## Overview
This case study comes from a talk by Holden Karau, a member of the Apache Spark PMC who works at Netflix but pursued this project independently as a personal endeavor. The project addresses a deeply personal problem: navigating the American health insurance system, which frequently denies medical claims. According to the presentation, Anthem Blue Cross denied approximately 20% of claims in 2019, and there are allegations that some insurers use AI to automate claim denials. The speaker's motivation stems from personal experience being hit by a car in 2019 and undergoing various medical procedures as a trans person, both of which resulted in significant battles with insurance companies.

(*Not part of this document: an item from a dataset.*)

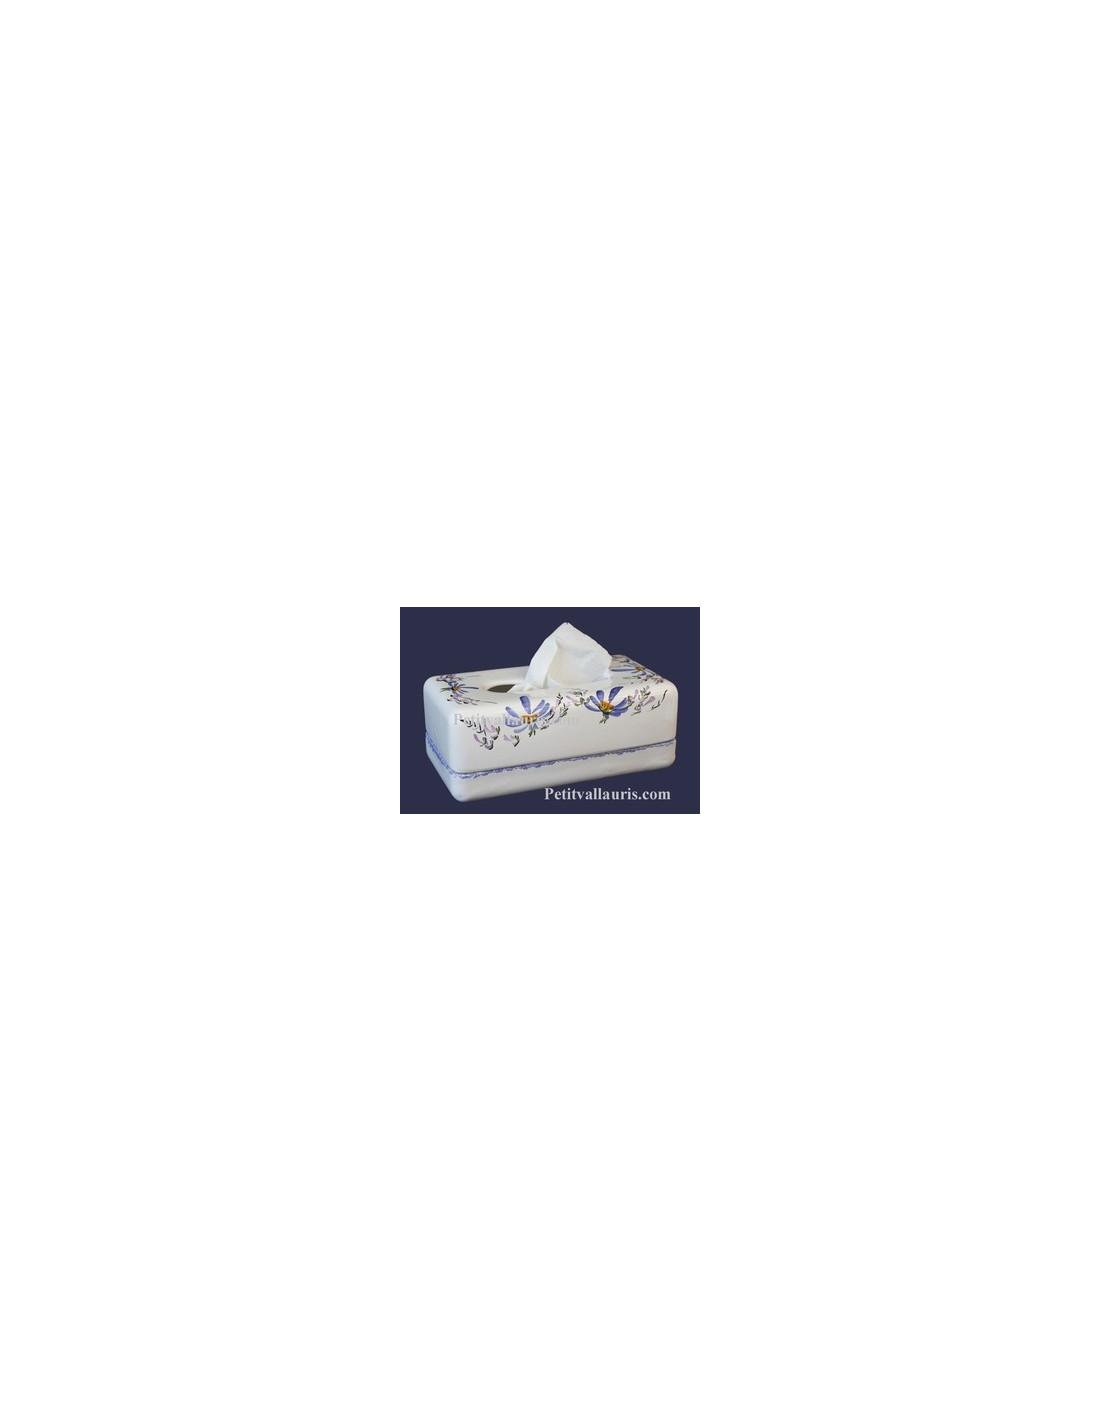 boite mouchoir papier jetables en c ramique blanche et motits fleurs bleues. Black Bedroom Furniture Sets. Home Design Ideas
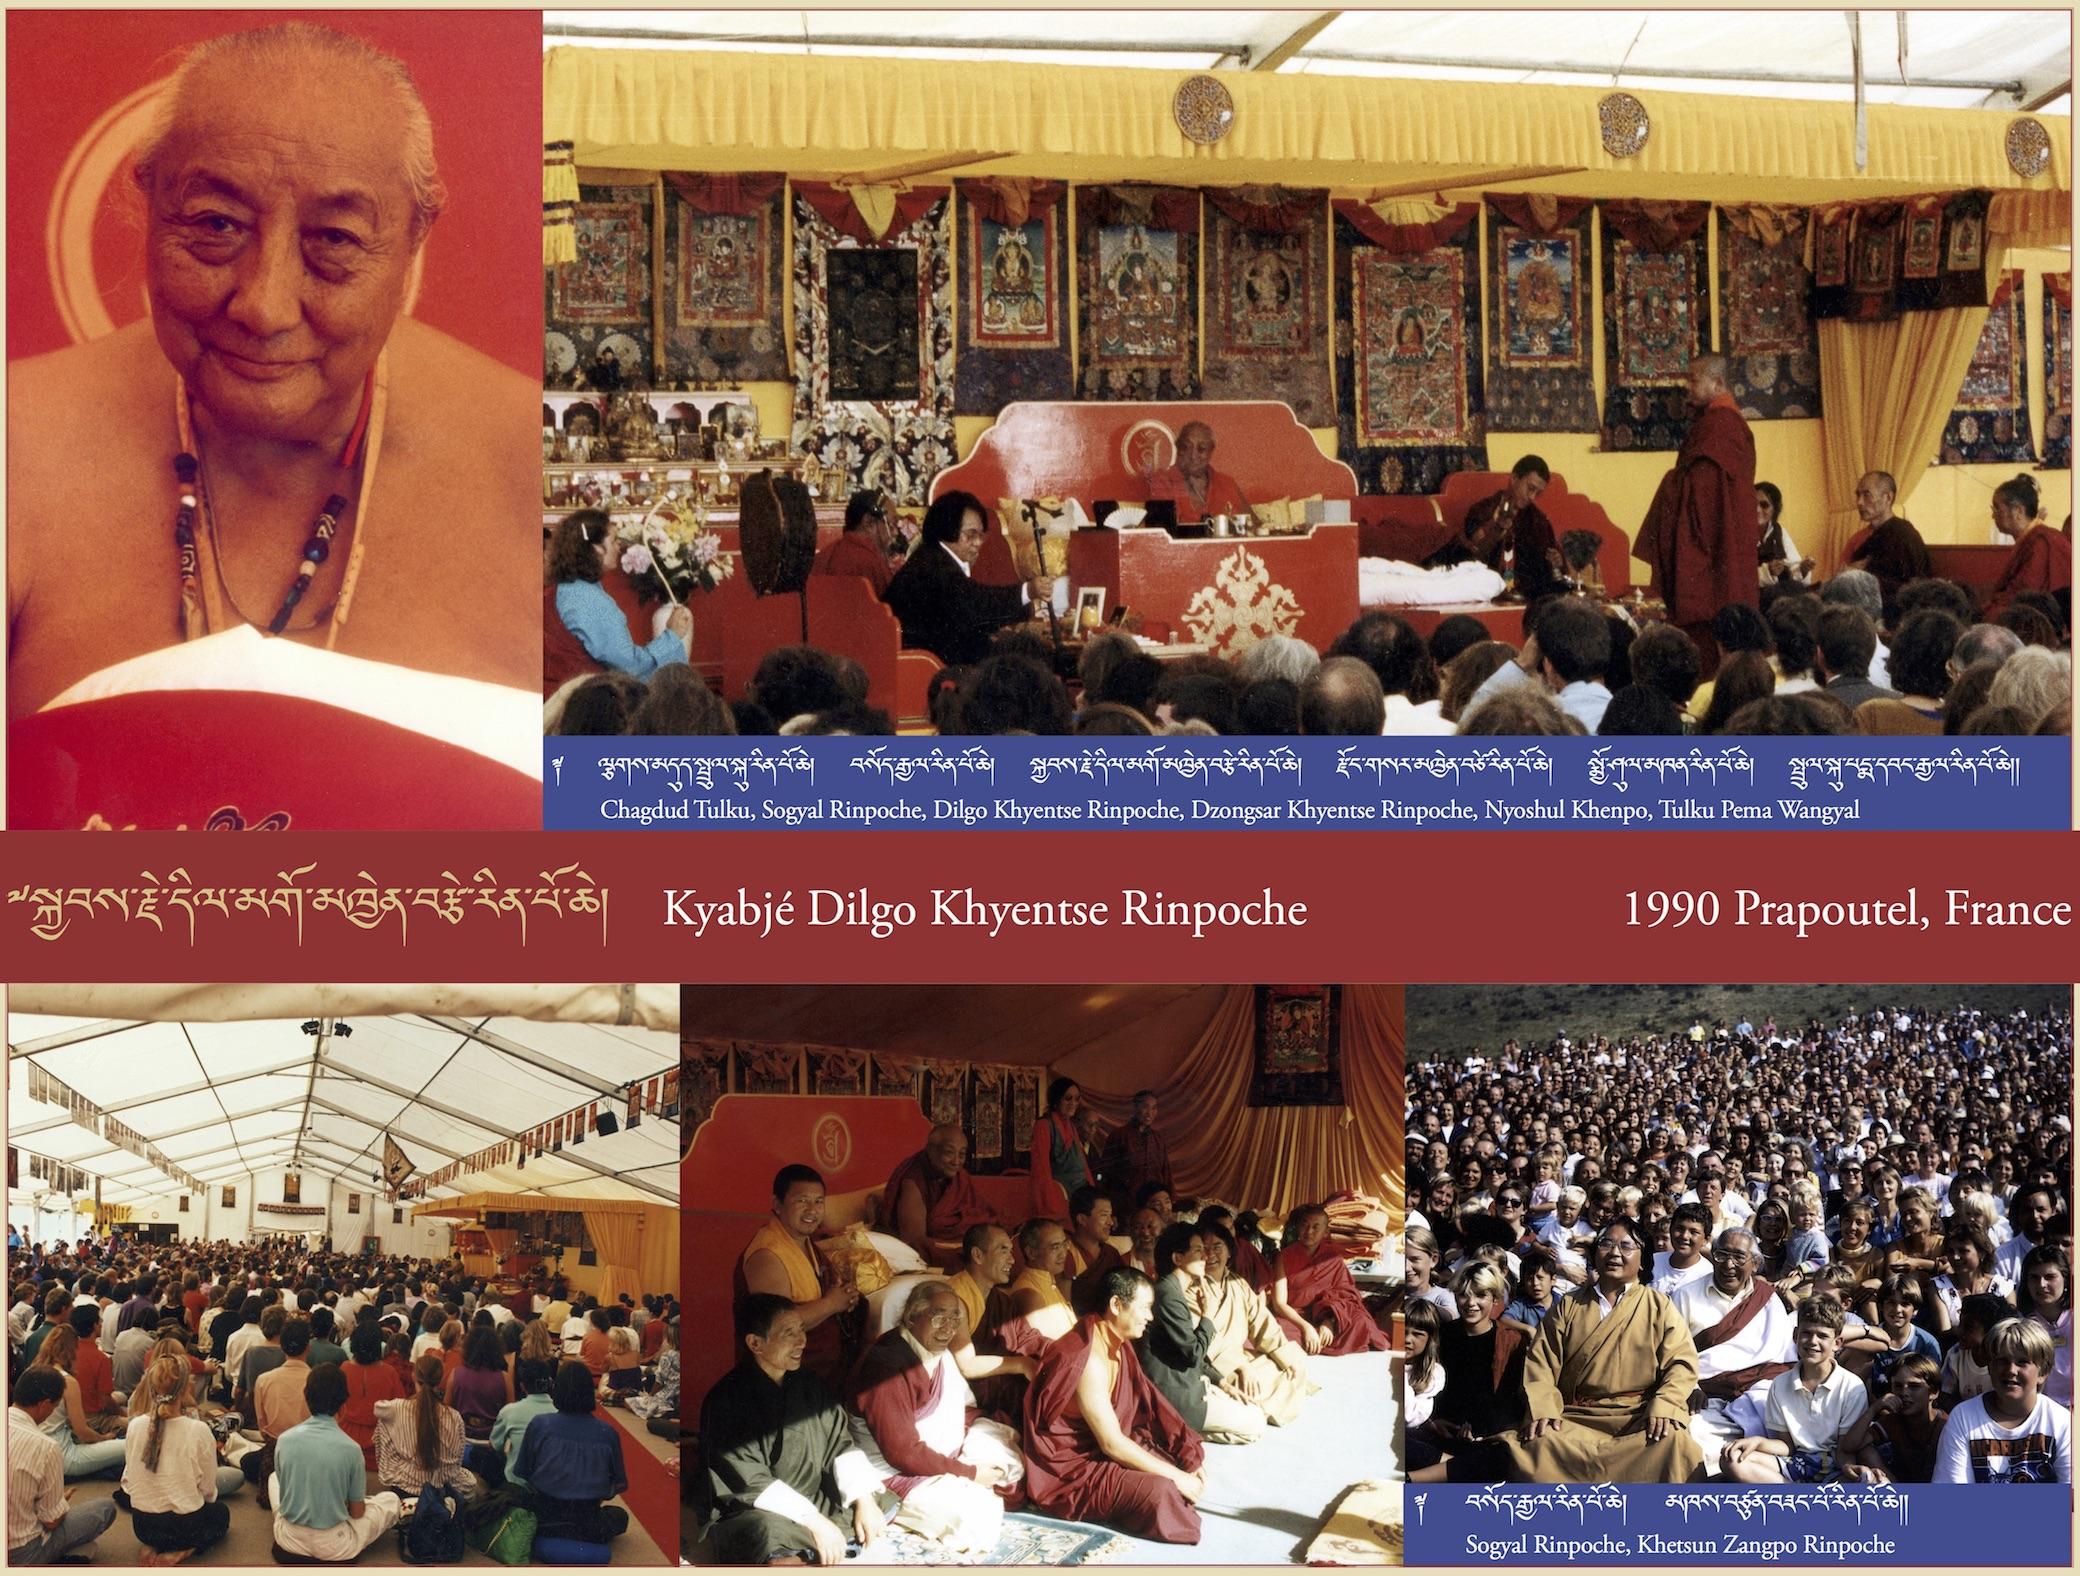 Kyabjé Dilgo Khyentse Rinpoche, 1990 Prapoutel, France

The project aims to build an LLM that takes health insurance denial letters as input and generates appeal letters as output. The speaker is refreshingly honest about the limitations, describing this as a "flex tape slap-on approach" to what is fundamentally a societal problem, acknowledging that technology alone cannot fix structural issues in American healthcare.
## Data Acquisition and Synthetic Data Generation
One of the most interesting aspects of this project is the creative approach to obtaining training data. The speaker identifies several potential data sources and their limitations:
- Insurance companies possess the data but have no incentive to help since the project's goal is to make their lives harder
- Doctor's offices have data but face HIPAA and other legal constraints that would require extensive manual redaction
- Internet sources where people post their denials and appeals exist but don't provide enough volume to fine-tune a model
The solution was to leverage independent medical review board data from California, which is publicly available and open for download. Other states like Washington have similar data but with restrictions around commercial use, so the project sticks to California data to avoid legal complications. The beauty of this data source is its volume—California is large enough to provide substantial records—and that patient names and identifying information are not included in the published results.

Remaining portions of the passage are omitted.